Bosnian language

The Bosnian language is one of the standard written versions of the Central South Slavic diasystem, which is the commonly accepted name among Bosniak and Croat linguists, although, due to various reasons, the designation Serbo-Croatian language still predominates in majority of countries outsied of former Yugoslavia. The language is used primarily by Bosniaks in Bosnia and Herzegovina and elsewhere. The name for the language is a controversial issue. Croats and Serbs in Bosnia and Herzegovina call their language Croatian and Serbian.

The language is based on the Western variant of the Shtokavian dialect and uses the Latin alphabet.

The irony of Bosnian language is that its speakers, Bosnian Muslims or Bosniaks, are, on the level of colloquial idiom, more linguistically homogenous than either Serbs or Croats, but have failed, due to historical reasons, to standardize their language in the crucial 19th century. The first Bosnian dictionary, rhymed Bosnian-Turkish glossary authored by Muhamed Hevaji Uskufi , was composed in 1631.
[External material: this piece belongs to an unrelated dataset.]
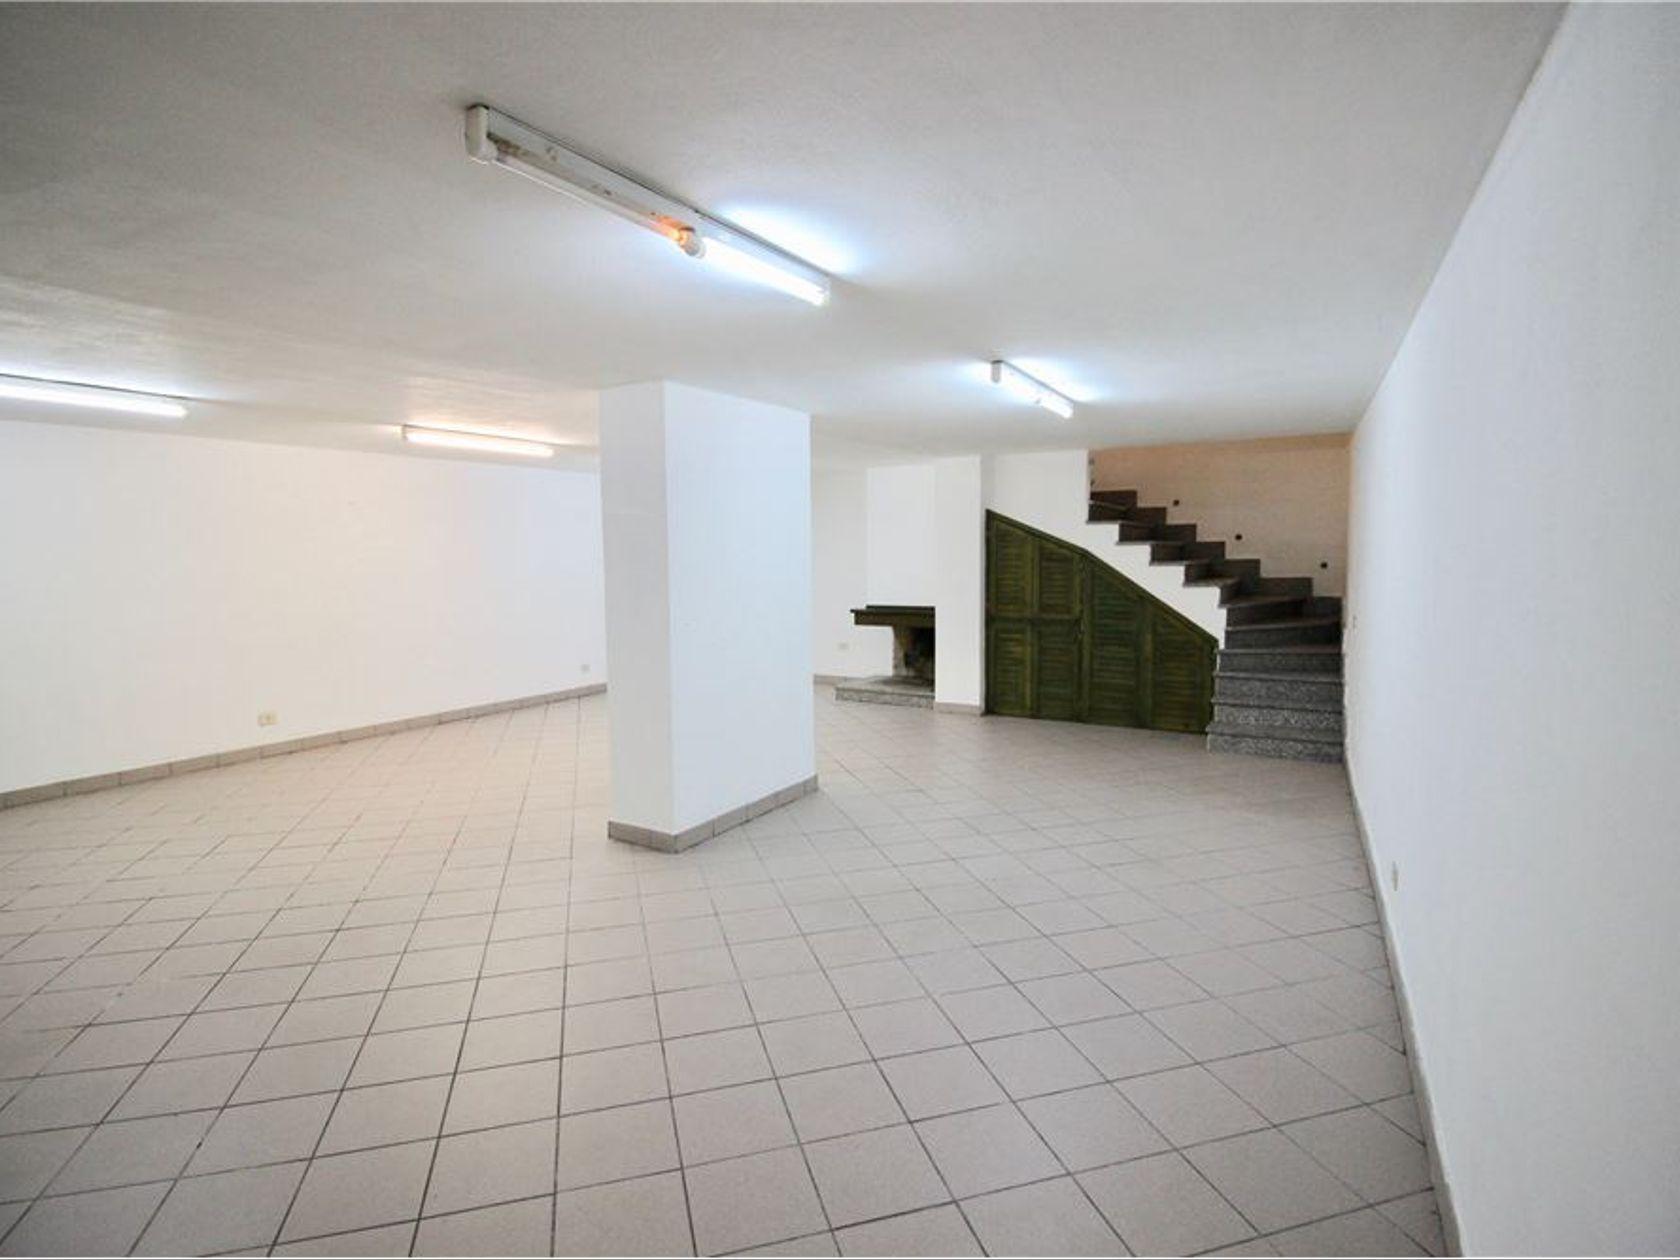 Appartamento Ss-centro, Sassari, SS Vendita - Foto 13

Mehmed Uskufi:Potur Šahidi,Bosniak-Turkish glossary, 1631

But, unlike Croatian dictionaries, which were written and published regularly, Uskufi’s work remained an isolated foray. At least two factors were decisive:

  • Bosnian Muslim elite wrote almost exclusively in Oriental (Arabic, Turkish, Persian) languages. Vernacular literature, written in modified Arabic script, was thin and sparse.
  • Bosniaks’s national emancipation lagged behind Serbian and Croatian, and since denominational, rather than cultural or linguistic issues played the pivotal role, Bosnian language project didn’t arouse much interest or support.

So, prescriptions for the language of Bosnian Muslims in the 19th and 20th centuries were written outside of Bosnia and Herzegovina. Probably the most authentic Bosniak writers (the so-called "Bosnian-Muslim revival" at the turn of the century) wrote in an idiom that is closer to Croatian language than to Serbian (western Štokavian-Ijekavian idiom, Latin script), but possessed unmistakeably recognizable Bosniak traits, primarily lexical ones. The main authors of "Bosnian Muslim renaissance" were polymath, politician and poet Safvet-beg Bašagić,"poete maudit" Musa Ćazim Ćatić and storyteller Edhem Mulabdić.

Musa Ćazim Ćatić: Poems, 1914

During the Communist Yugoslavia period, the language in Bosnia and Herzegovina was linguistically shaped in the following manner: the lexis was Serbianized but the Latin script became dominant; the official name was Serbo-Croatian. After the collapse of Yugoslavia Bosniaks remained the sole inheritors of the Serbo-Croatian hybrid in Bosnian variant and are trying to reshape it, under the new name of Bosnian language, into a distinct national/ethnic standard language. The main Croat and Serb objections are that the language should be called "Bosniak" or "Bosniac" because Bosniaks, or former Bosnian Muslims, consider it their standard language- and the name "Bosnian" is deceptive since it creates the impression that it is the official language of Bosnia and Herzegovina, which is not true (Bosnia and Herzegovina has three official languages: Bosnian language,Croatian language and Serbian language). On more formal level, Bosnian language is beginning to take a distinctive shape: lexically, Islamic-Oriental loan words are becoming more frequent; phonetically and phonologically, the phoneme "h" is reinstated in many words as a distinct feature of Bosniak speech and language tradition; also, there are some changes in morphology and orthography that reflect Bosniak pre-WW1 literary tradition, mainly that of the Bosniak rebirth at the beginning of the 20th century.